* [Supplied information]:
Content starts

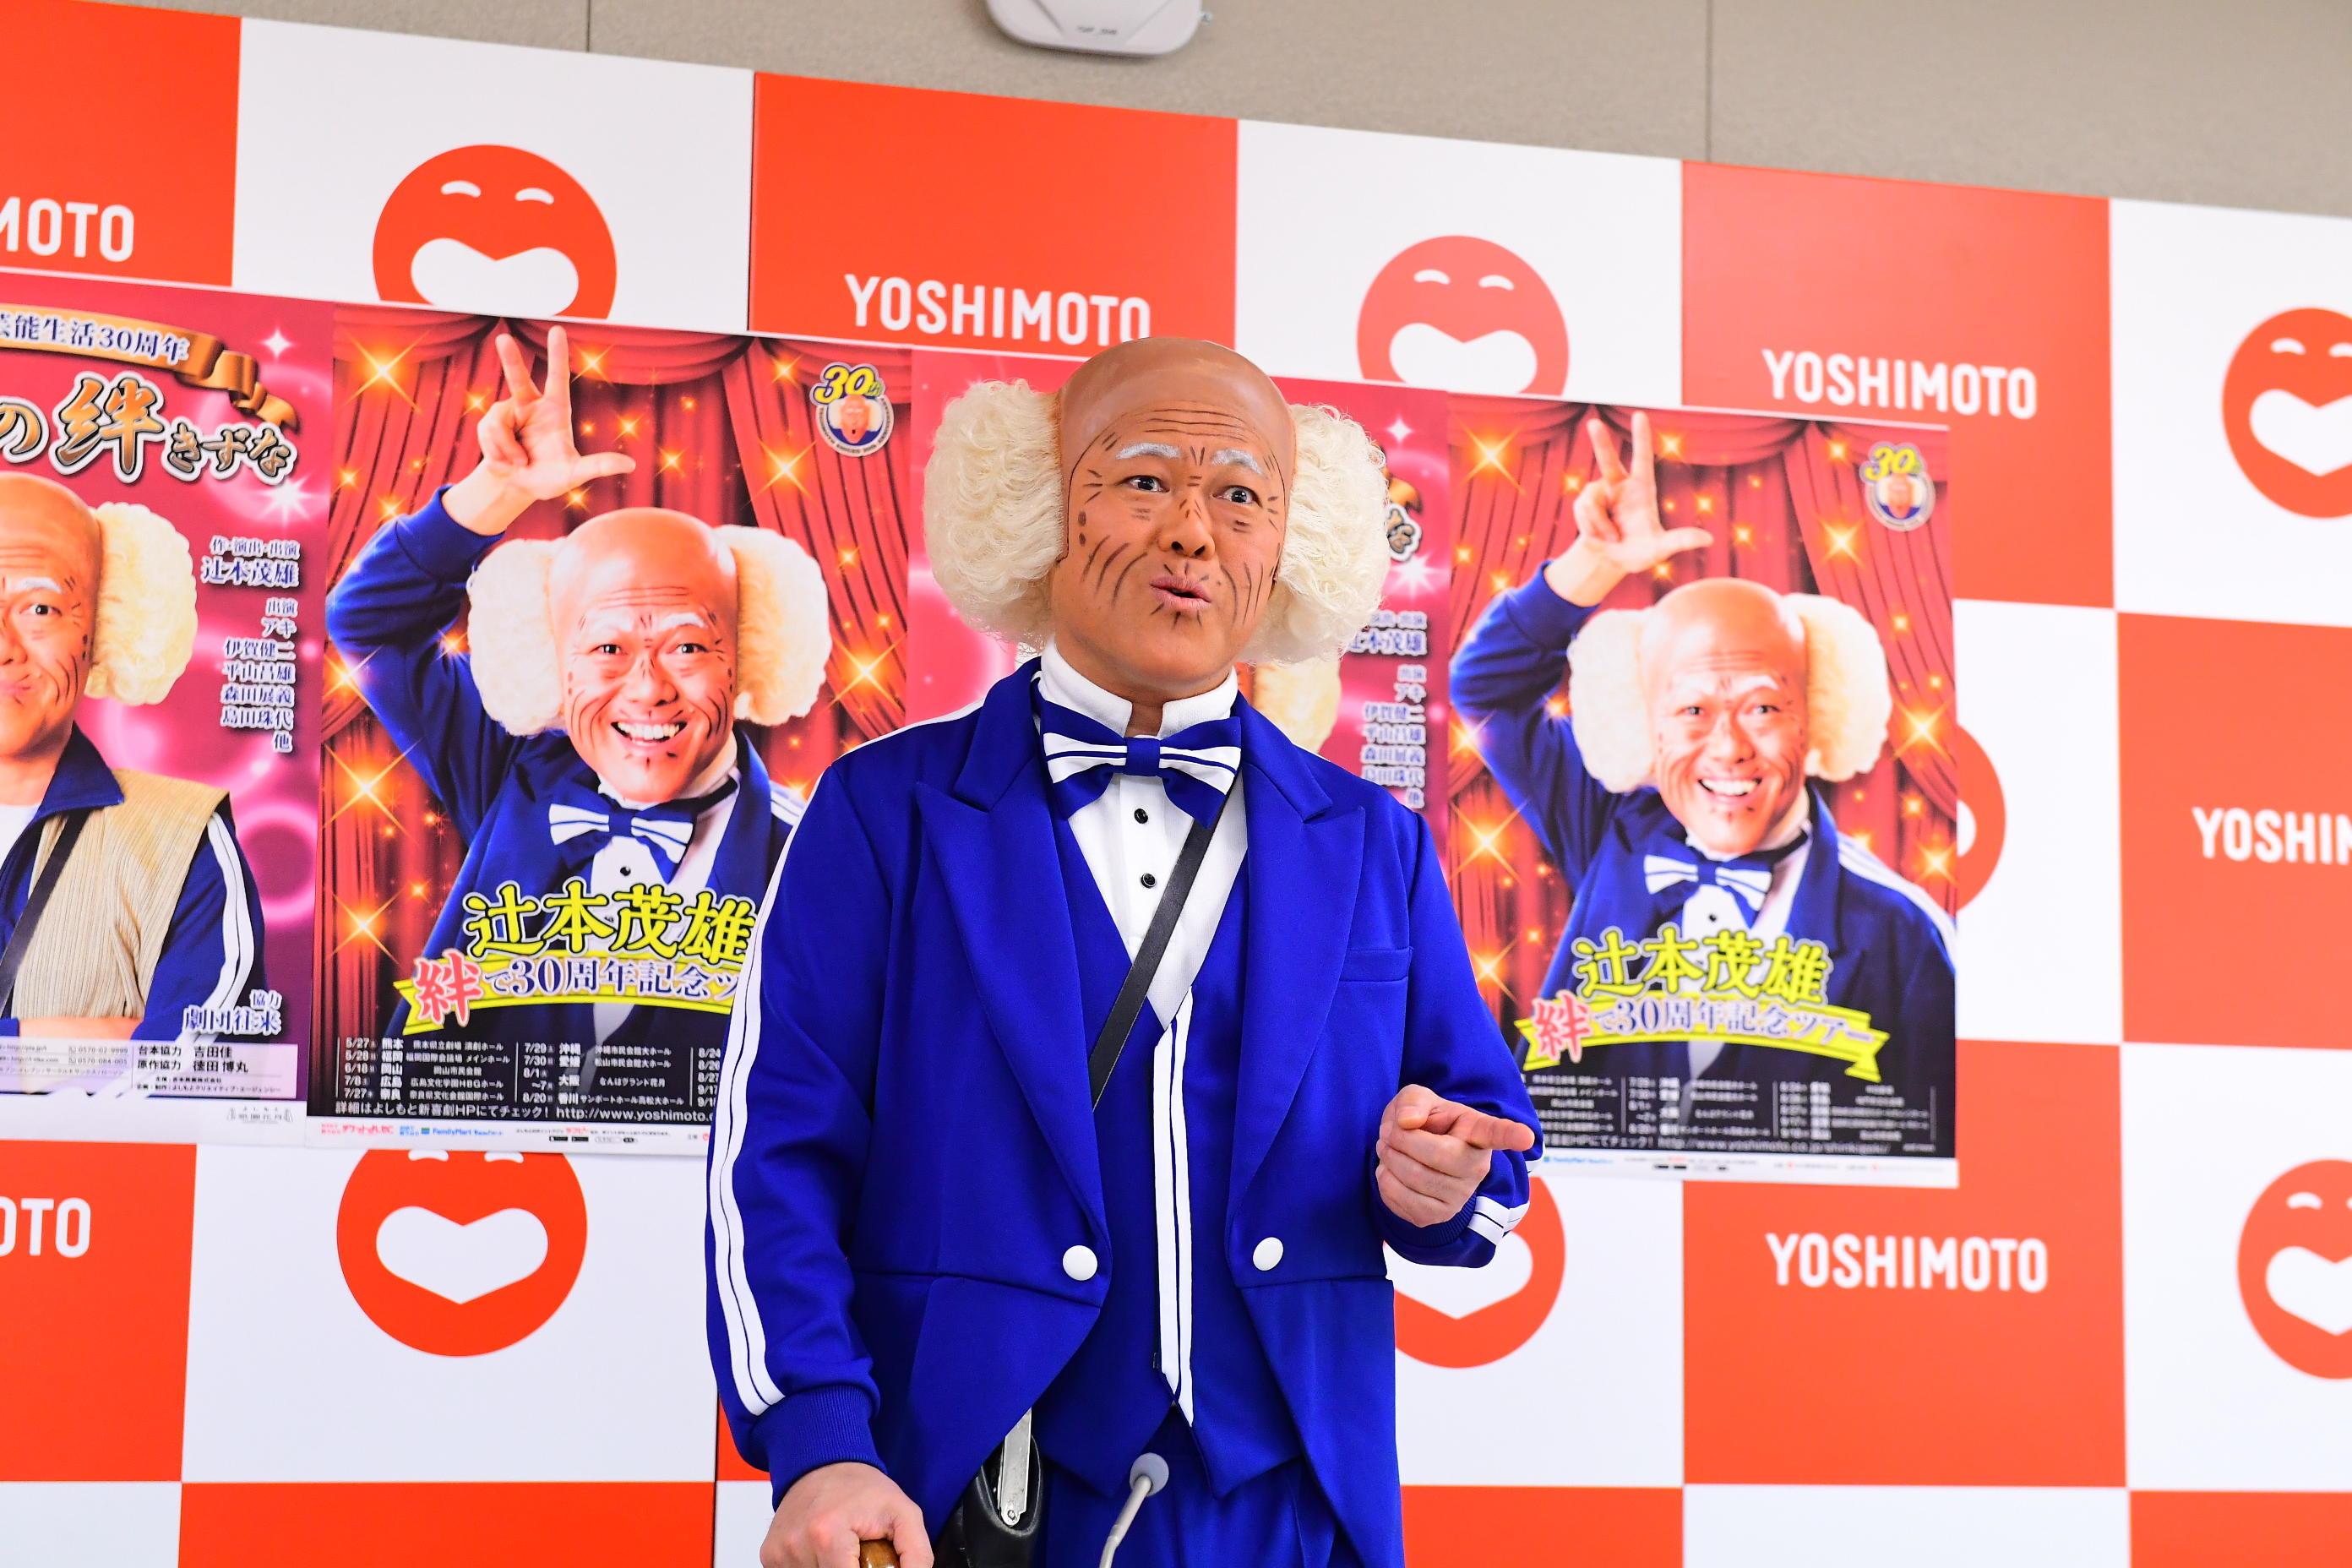 http://news.yoshimoto.co.jp/20170131181912-b07066414b5a0c41d36e6cbc1eaf52ab24a8a33f.jpg
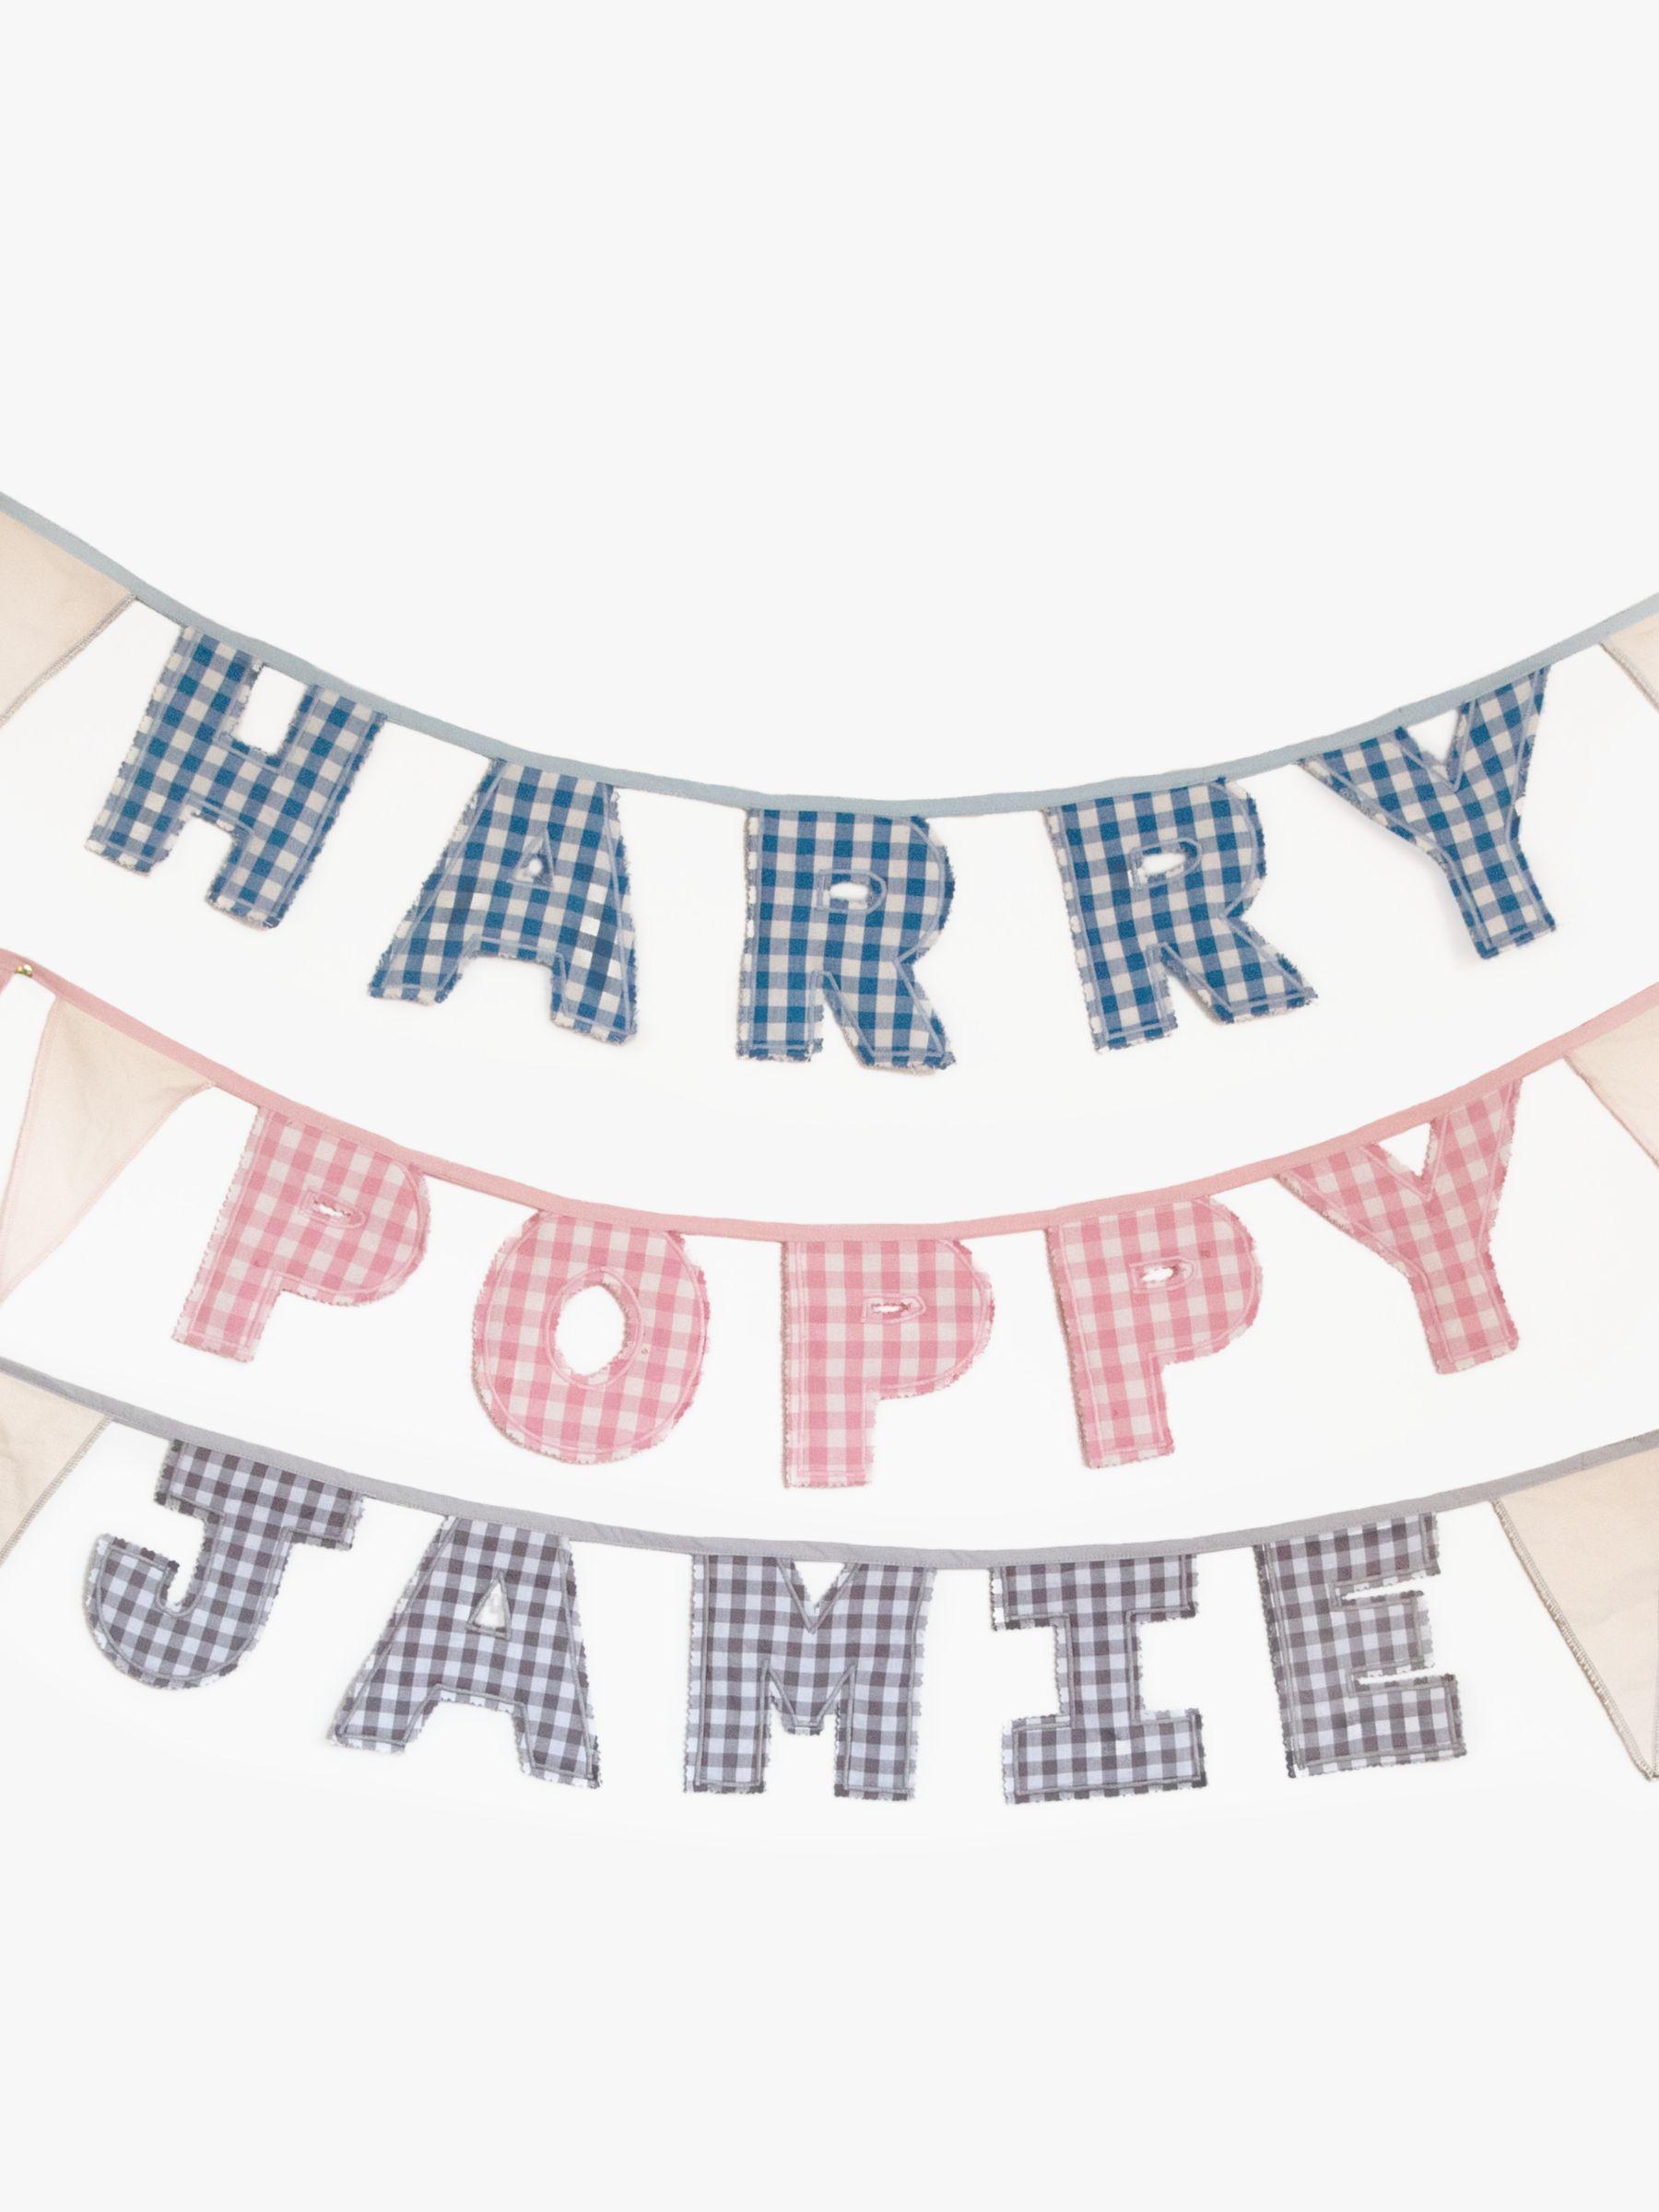 Jonny's Sister Personalised Name Bunting
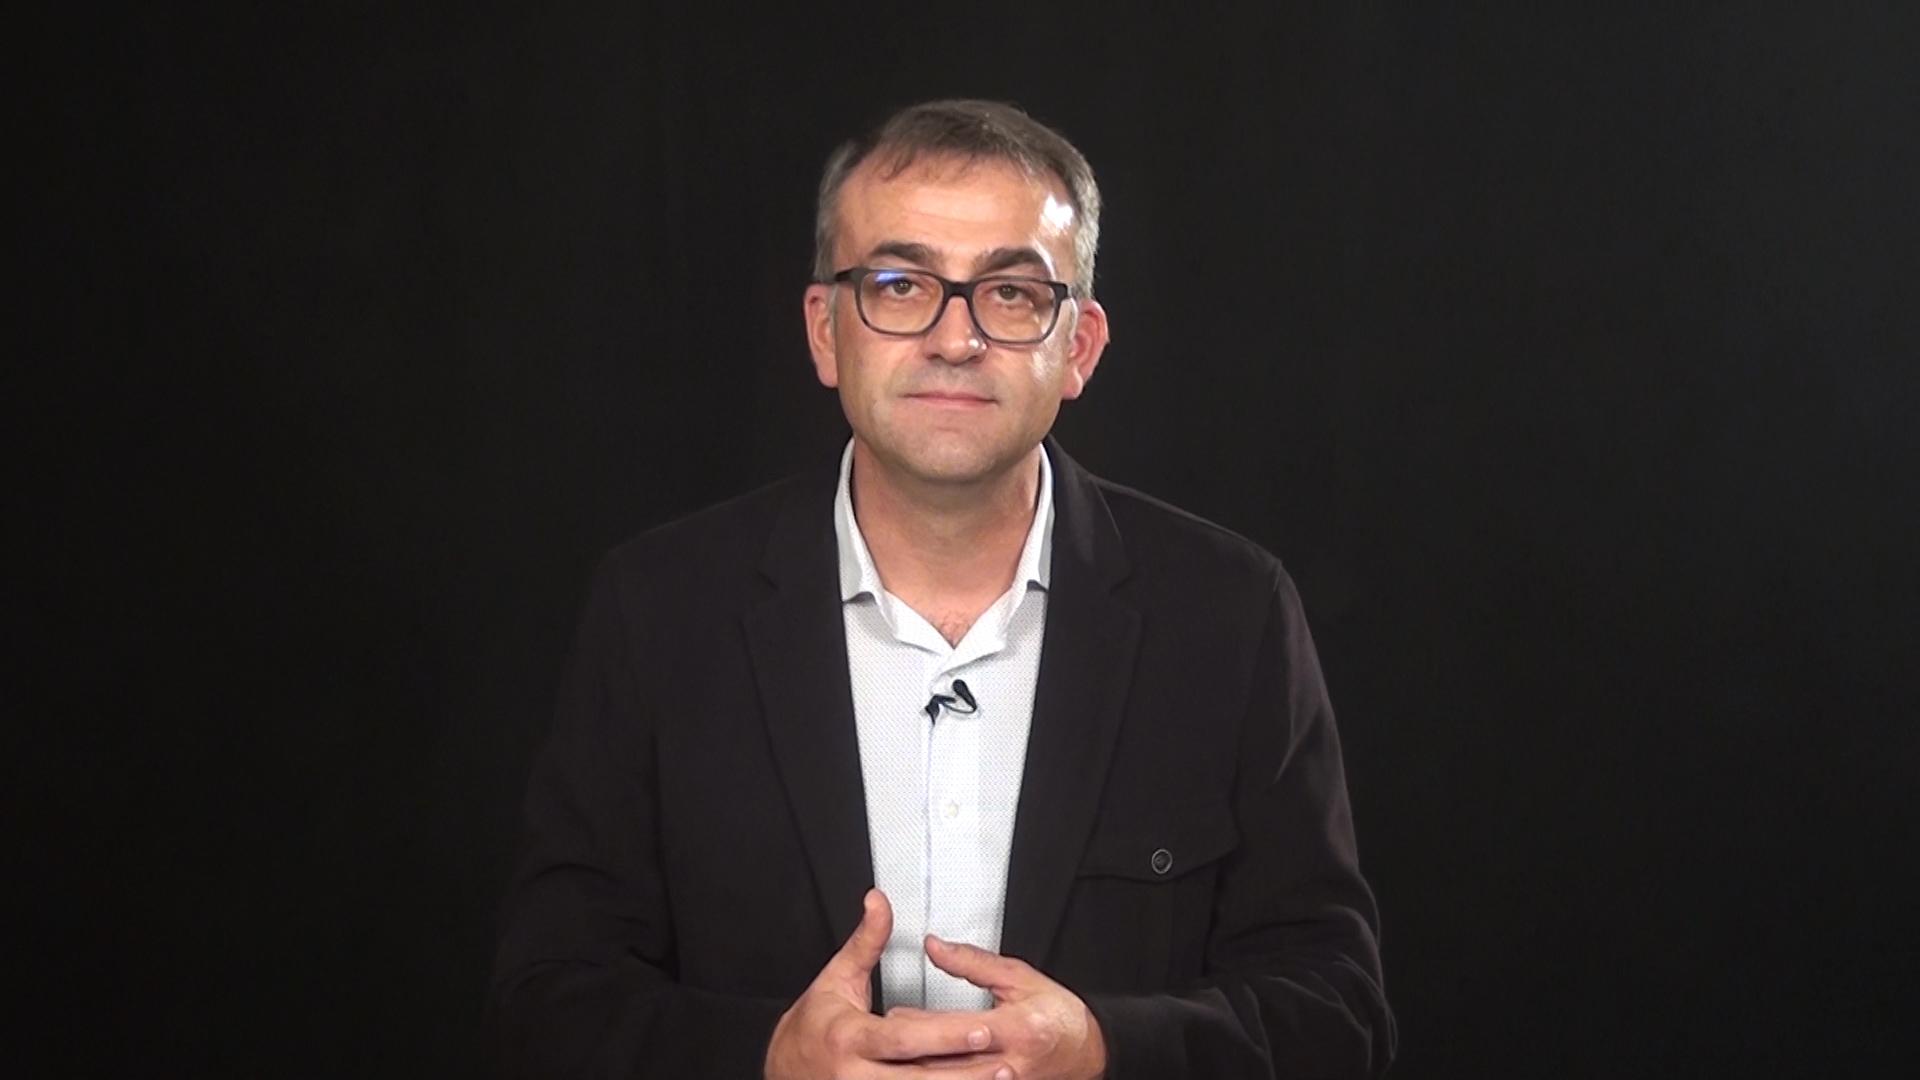 Raúl Moral

Content ends

Starting at the line that holds "Jonny's Sister Personalised Name Bunting", retype every line through the end of the data, both ends included. Pictures stay out of the copy.

* [Result of the task]:
 Jonny's Sister Personalised Name Bunting
 Raúl Moral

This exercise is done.